# Telco Frankenstein Motionette



## Fiend4Halloween (Aug 28, 2008)

..."Oh the weather outside is frightful"...Hello all! I recently purchased this huge Telco Frankenstein Motionette but he's missing a fuse (middle of base, red dot). I knew this and figured it wouldn't be too difficult to track down a wiring diagram for him, but it is difficult! I've been everywhere man.....searched the internet, other collectors, no luck. Do any of you haunters own this type of motionette or have any idea of a wiring schematic or anything or that sort? Any help would be GREATLY appreciated. Happy Horrordays to you and yours. :devil: Telco Frankenstein Motionette Photo by ndnbrave2003 | Photobucket


----------



## corey872 (Jan 10, 2010)

Sorry I can't help with the wiring diagram. Is it just the fuse you're looking to replace? 

Often those will have info stamped on them somewhere... at least the amperage, then you can just replace it in kind. If no info on the fuse, the power supply might be a good place to look also. It should have a rated amperage which would also give some indication of the fuse size.

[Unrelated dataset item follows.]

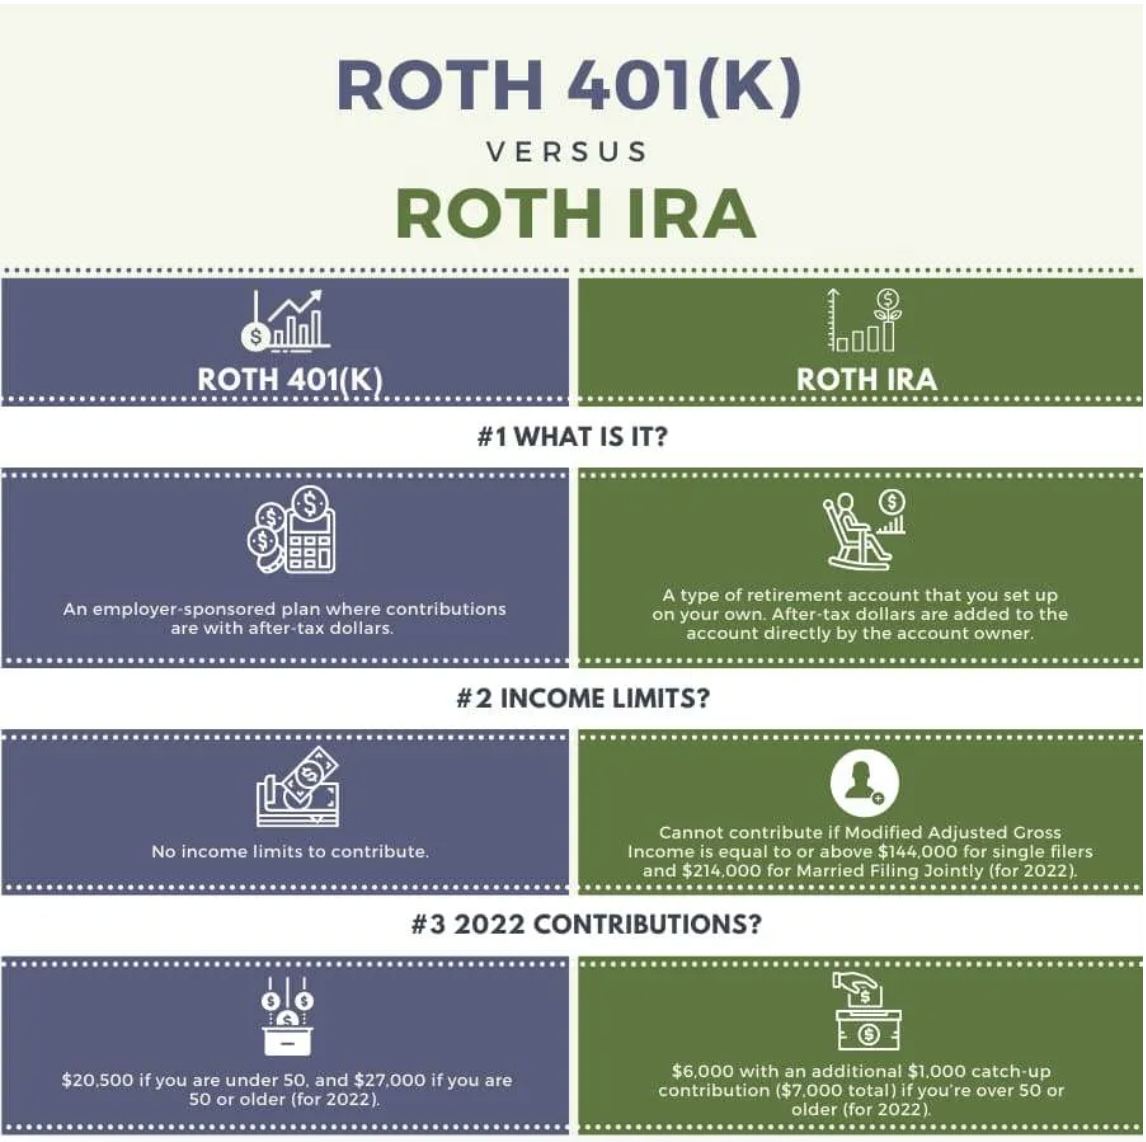 roth 401(k0 versus roth ira

Unfortunately, it gets a little thin around here during the Christmas / New Years season, but maybe someone else will be along with better info!


----------



## Adam I (Jun 16, 2007)

This guy seams to be helping people.
http://chattyrepair.weebly.com/blog/i-also-repair-telco-motionettes


----------



## Fiend4Halloween (Aug 28, 2008)

Thanks for the help and advice guys. Unfortunately there's no power supply to check on, just a simple plug, I'm guessing that's part of the reason there's a fuse. It has not been rewired so I know it's the factory cord.


----------



## Fiend4Halloween (Aug 28, 2008)

....also, the chatty repair guy hasn't replied to an email since 2012 so he's either given up on it, or is dead, one would assume. &#55357;&#56840; &#55357;&#56618;


----------